Task instructions — When you reach the line containing "Wat zijn de" in the data below, begin returning lines exactly as written, and stop once the line containing "Tripadvisor-Plus-announcement-website" has been returned.

*** Opening Records provided ***

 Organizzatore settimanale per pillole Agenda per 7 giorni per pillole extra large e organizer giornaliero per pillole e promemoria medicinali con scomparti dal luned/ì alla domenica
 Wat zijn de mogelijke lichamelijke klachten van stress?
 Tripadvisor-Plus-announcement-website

*** Closing Records provided ***
*** Opening Records provided ***

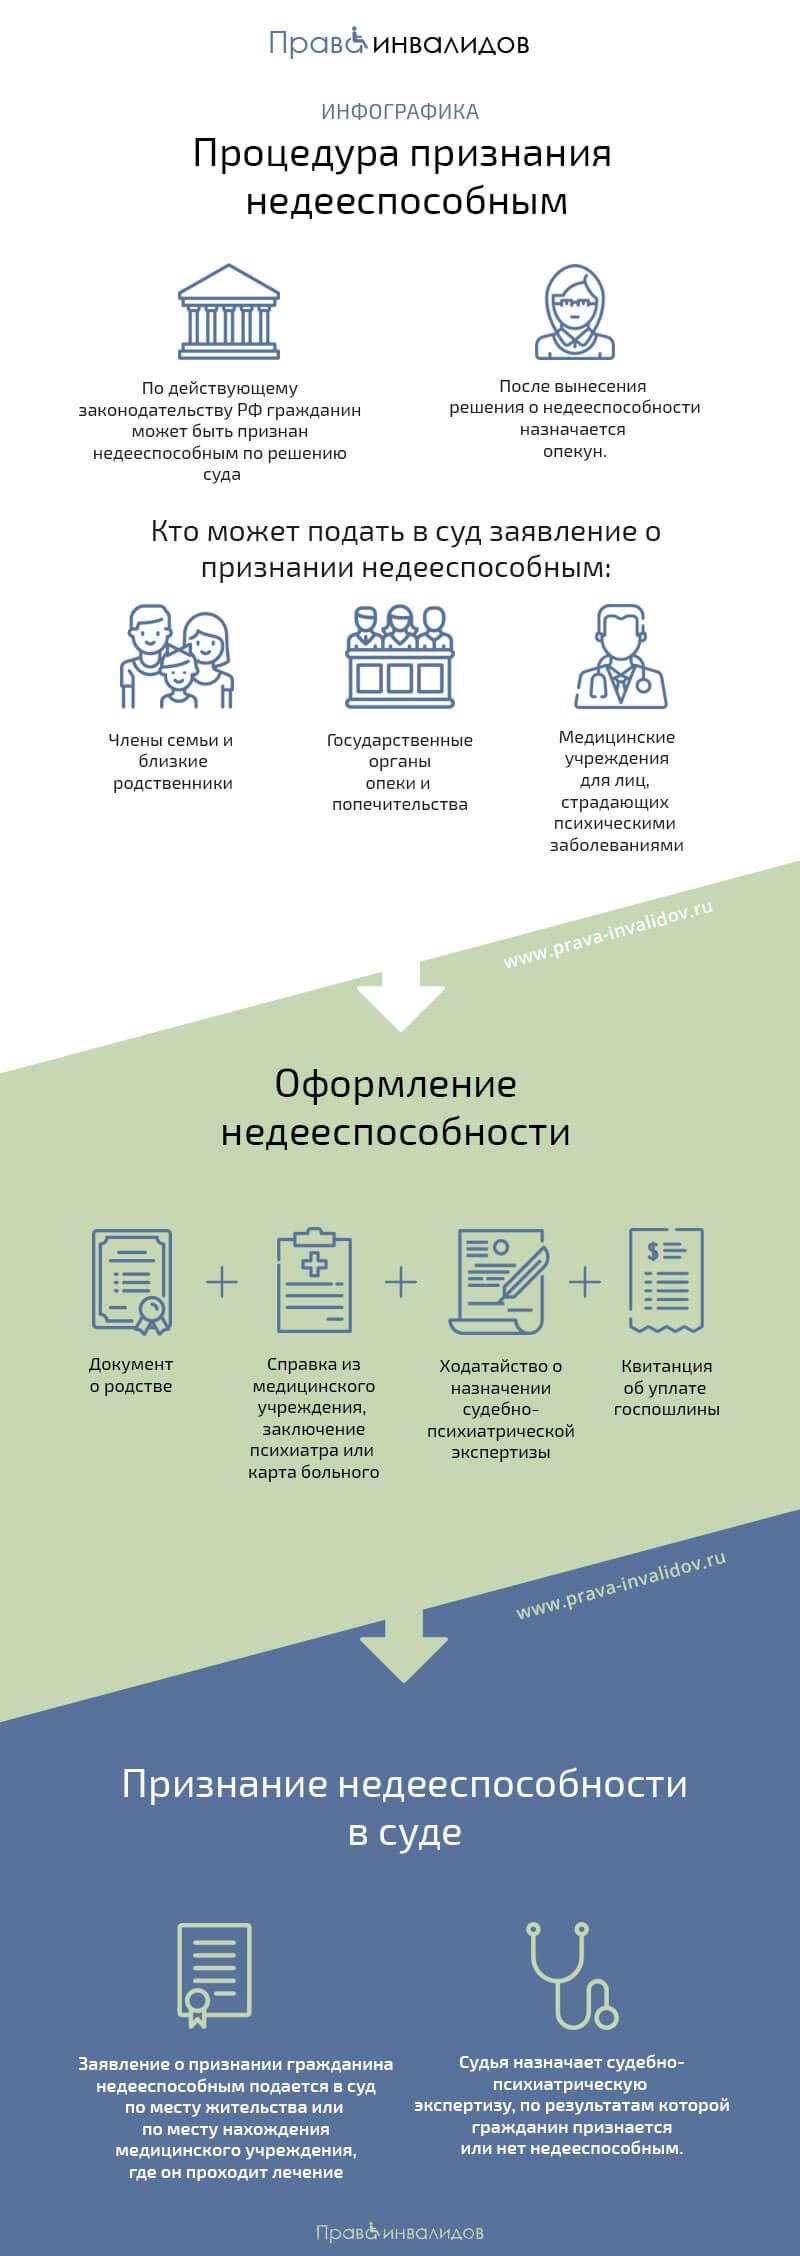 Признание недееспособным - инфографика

*** Closing Records provided ***

Exercise solution —
 Wat zijn de mogelijke lichamelijke klachten van stress?
 Tripadvisor-Plus-announcement-website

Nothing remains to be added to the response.